• What you will do: An exact copy of the data is needed, one that excludes all pictures.

Given material below:

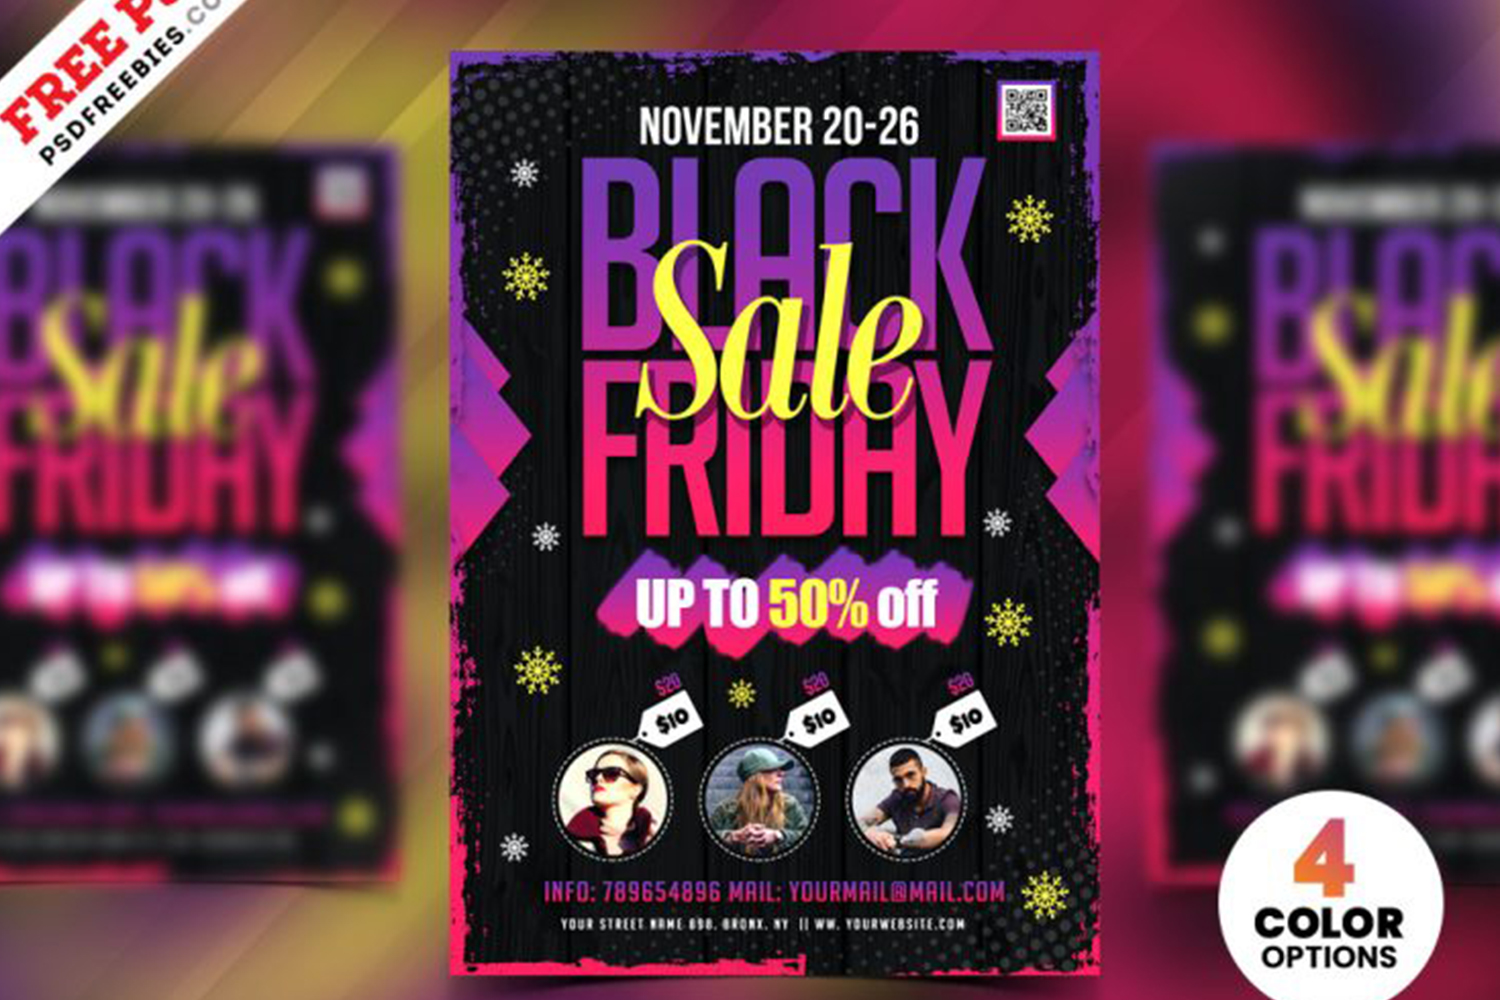 Black Friday Sale Flyer Design PSD Free Download
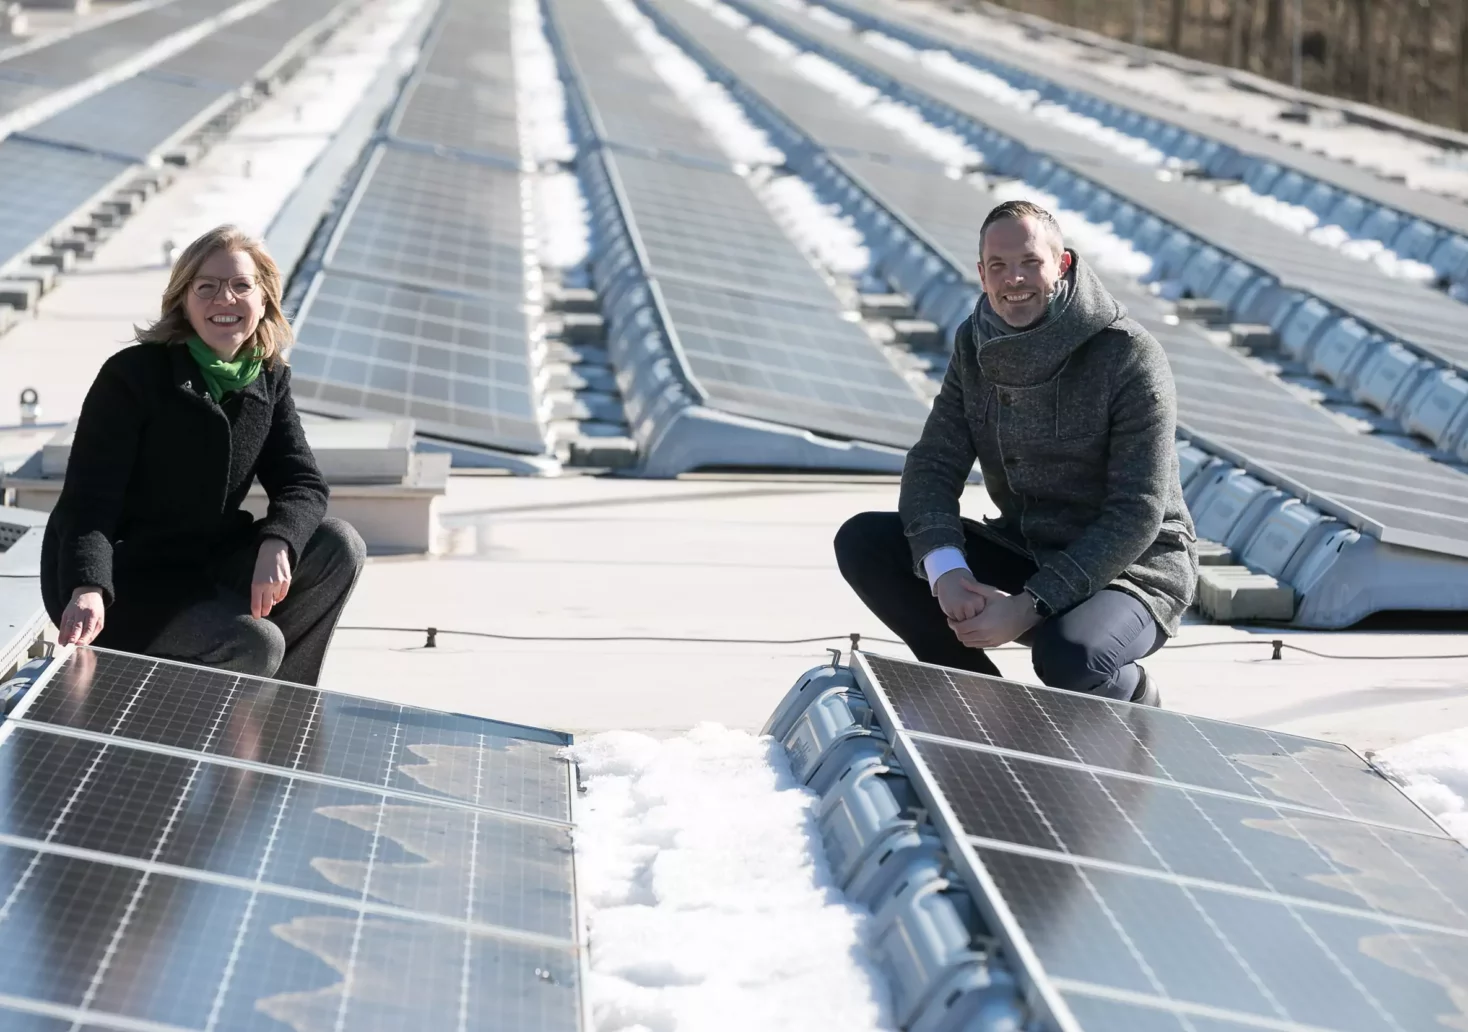 Foto in Beitrag von 5min.at: Zu sehen sind mehrere Photovoltaik-Anlagen mit zwei Männern.
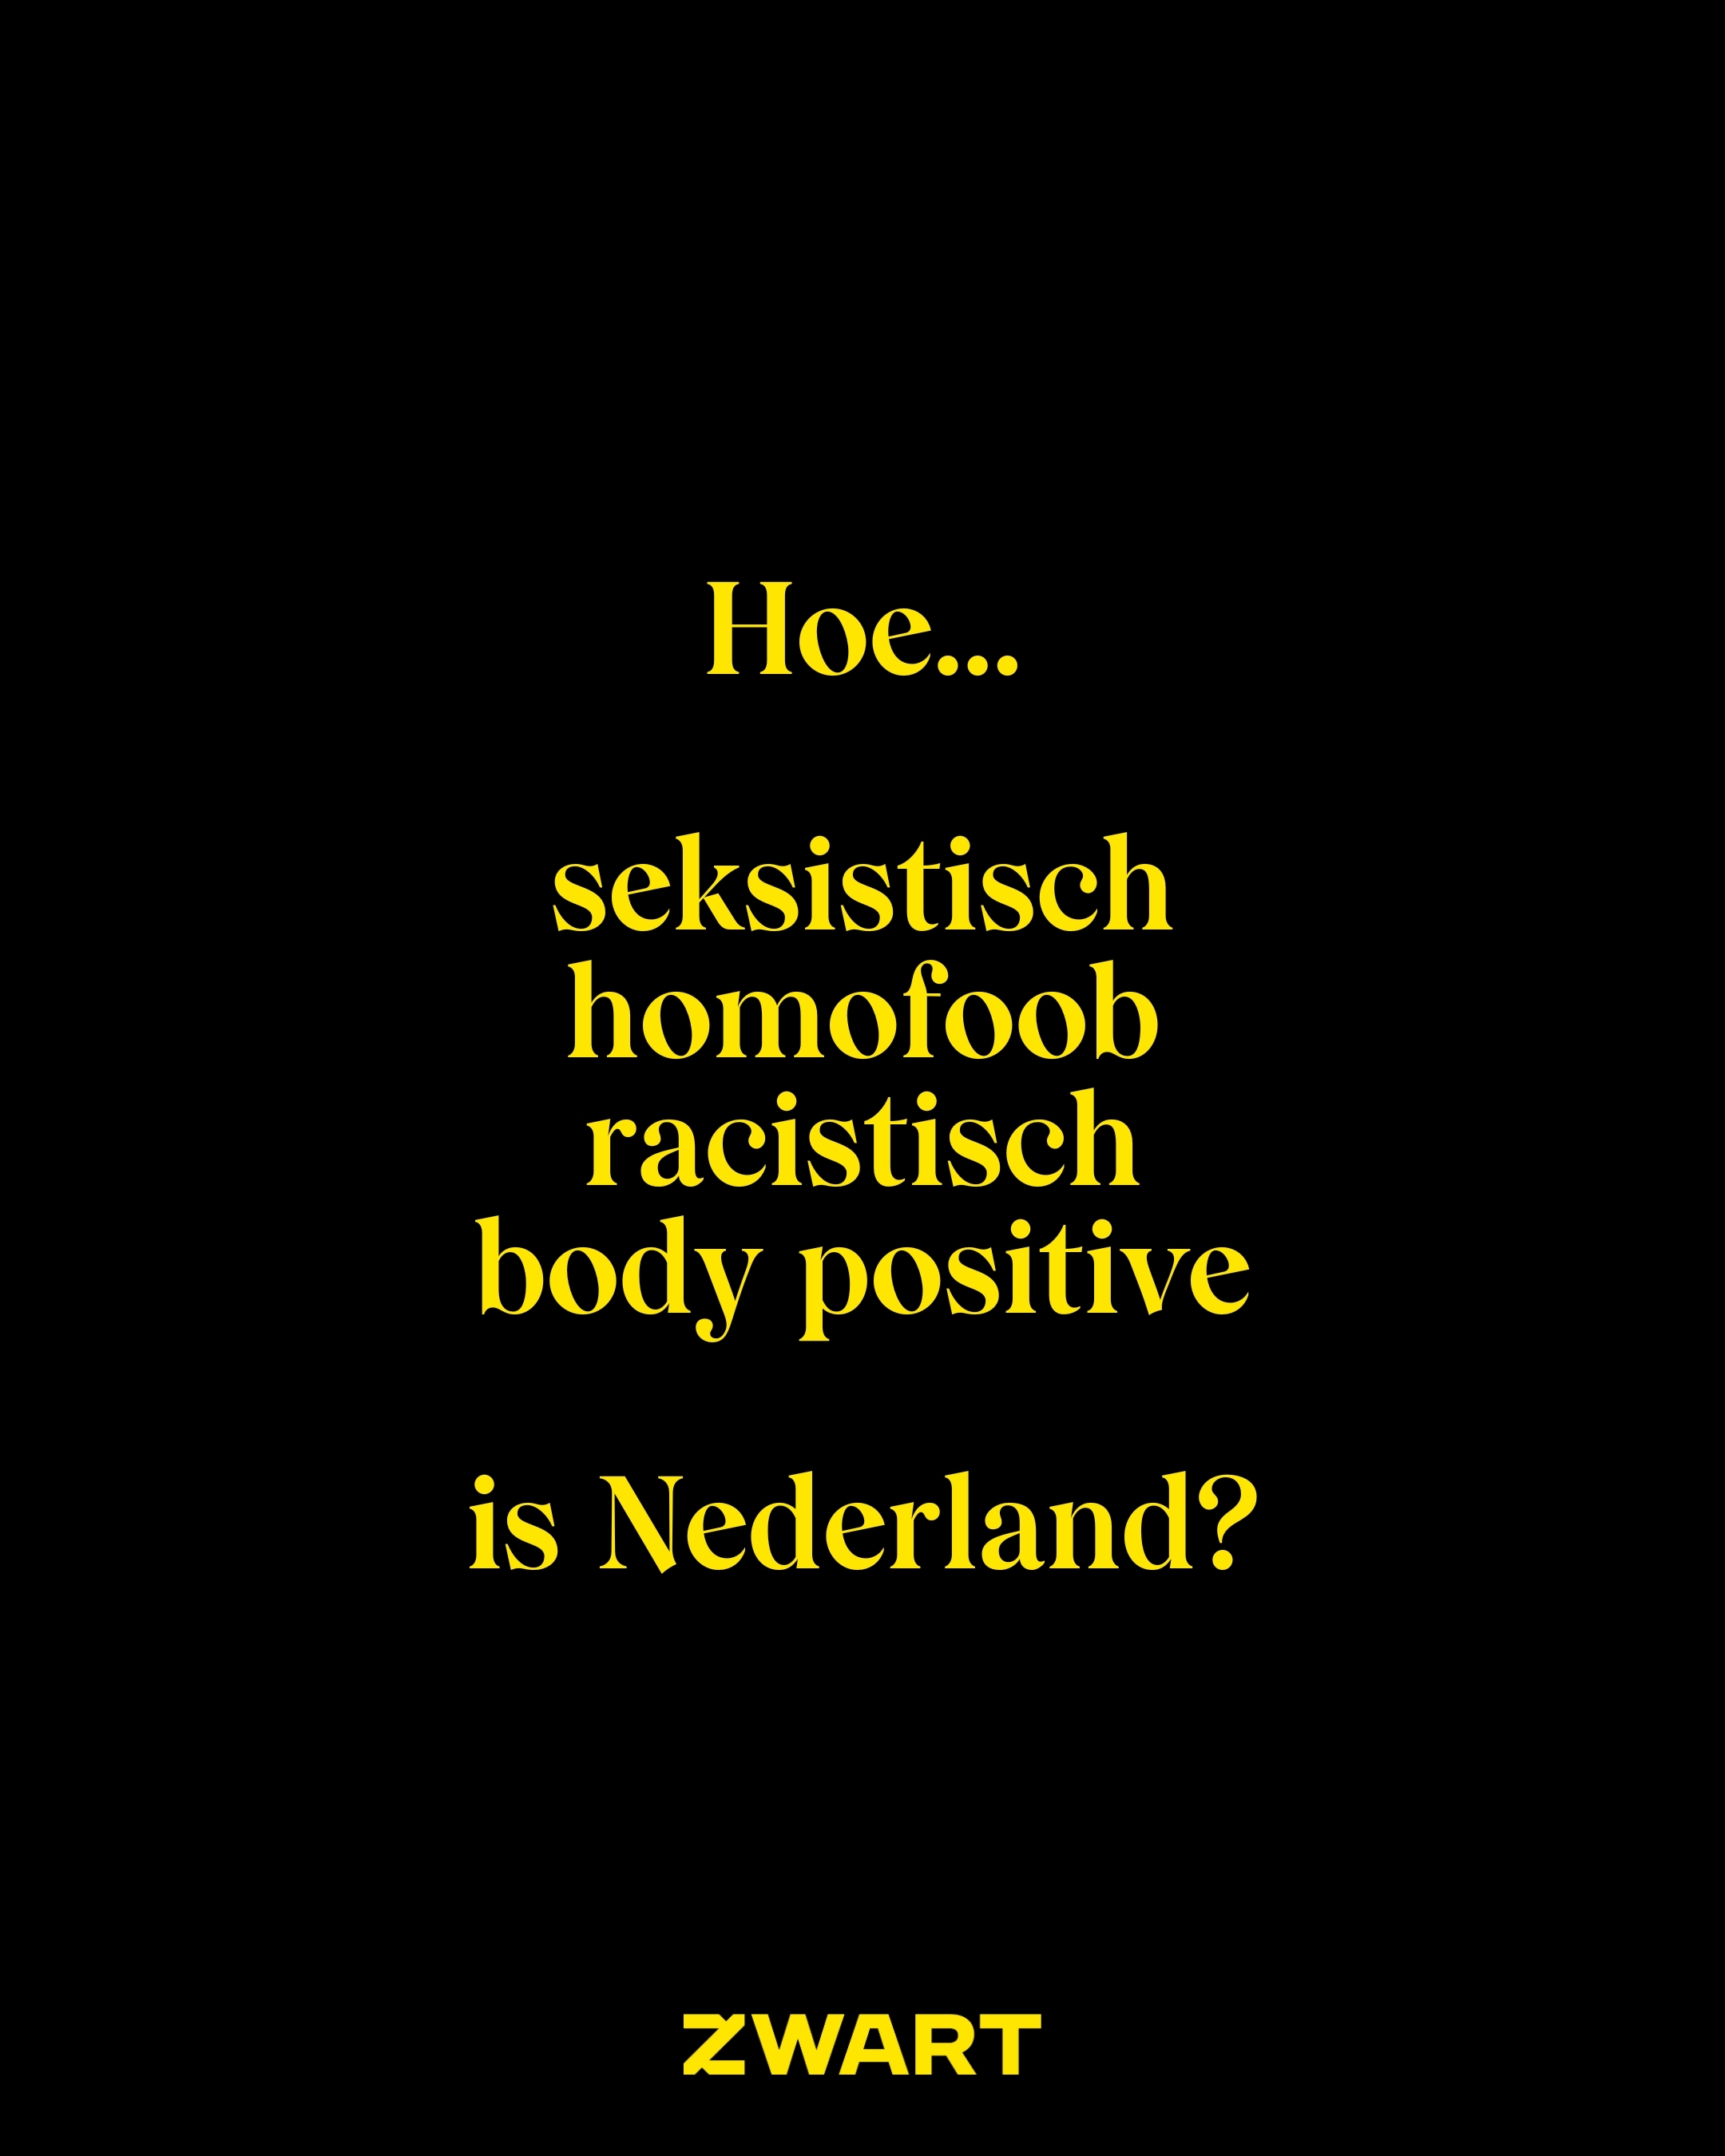 Default image Hoe ... is Nederland?

End of Given material.

• Finished task:
 Black Friday Sale Flyer Design PSD Free Download
 Foto in Beitrag von 5min.at: Zu sehen sind mehrere Photovoltaik-Anlagen mit zwei Männern.
 Default image Hoe ... is Nederland?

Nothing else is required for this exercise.